HOW TO COMPLETE THIS TASK: Lines below starting with the line with "重庆特斯车库停车自动加速撞墙车主儿子撞掉多颗牙齿 新浪财经 新浪网" and going on through the line with "WEBPROSJEKTET STATUS PL" must be output exactly; the rest of the records must be left out.

DATA RECORDS:
_____
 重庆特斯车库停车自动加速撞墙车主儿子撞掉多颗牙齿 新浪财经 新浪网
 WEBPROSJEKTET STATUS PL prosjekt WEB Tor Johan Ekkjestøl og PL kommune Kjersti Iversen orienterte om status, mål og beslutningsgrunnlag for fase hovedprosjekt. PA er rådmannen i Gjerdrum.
_____
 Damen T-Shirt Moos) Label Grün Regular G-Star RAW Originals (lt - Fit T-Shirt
_____
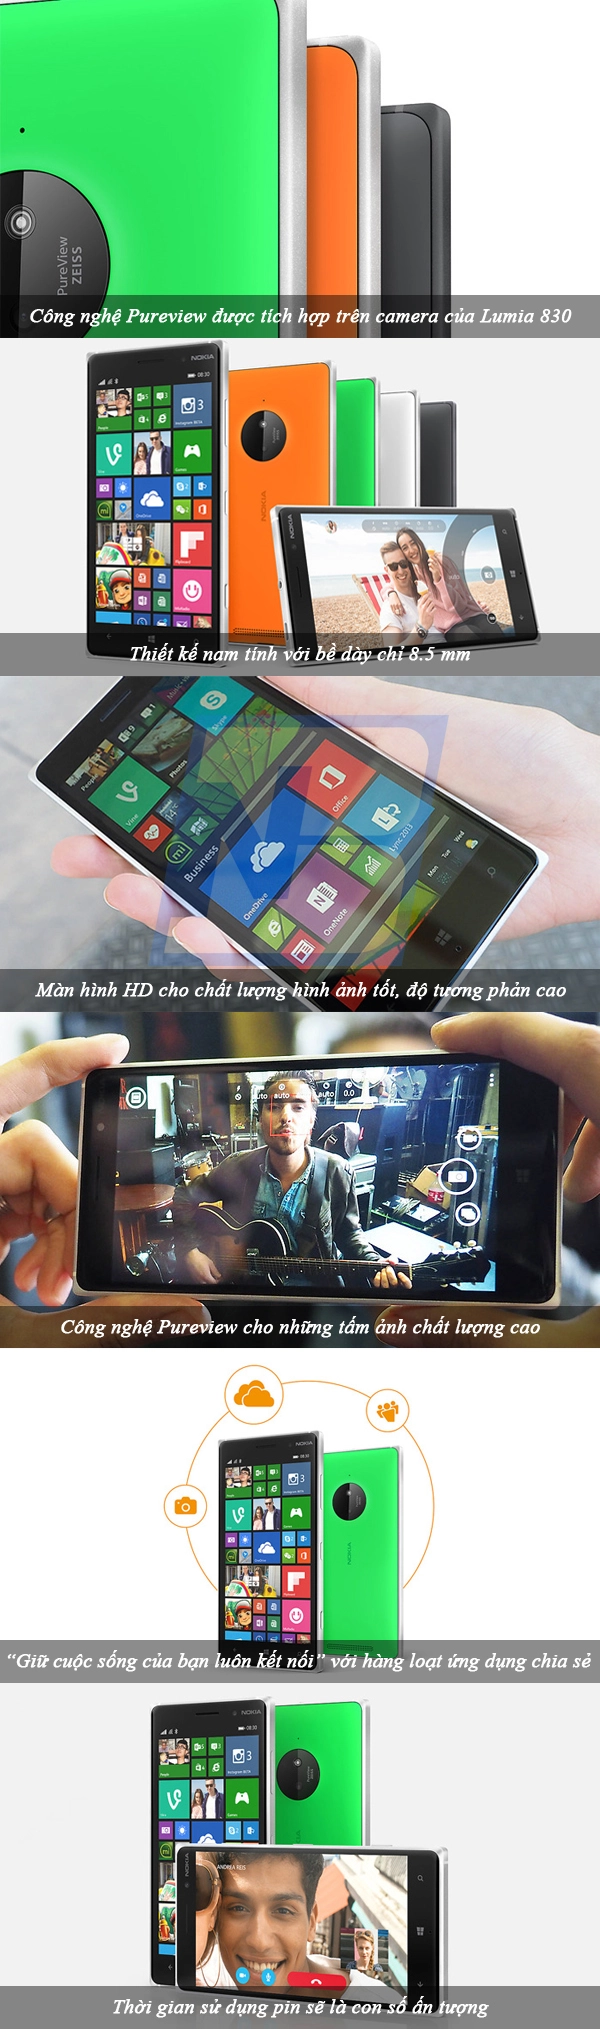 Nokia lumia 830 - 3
_____
WRITTEN ANSWER:
 重庆特斯车库停车自动加速撞墙车主儿子撞掉多颗牙齿 新浪财经 新浪网
 WEBPROSJEKTET STATUS PL prosjekt WEB Tor Johan Ekkjestøl og PL kommune Kjersti Iversen orienterte om status, mål og beslutningsgrunnlag for fase hovedprosjekt. PA er rådmannen i Gjerdrum.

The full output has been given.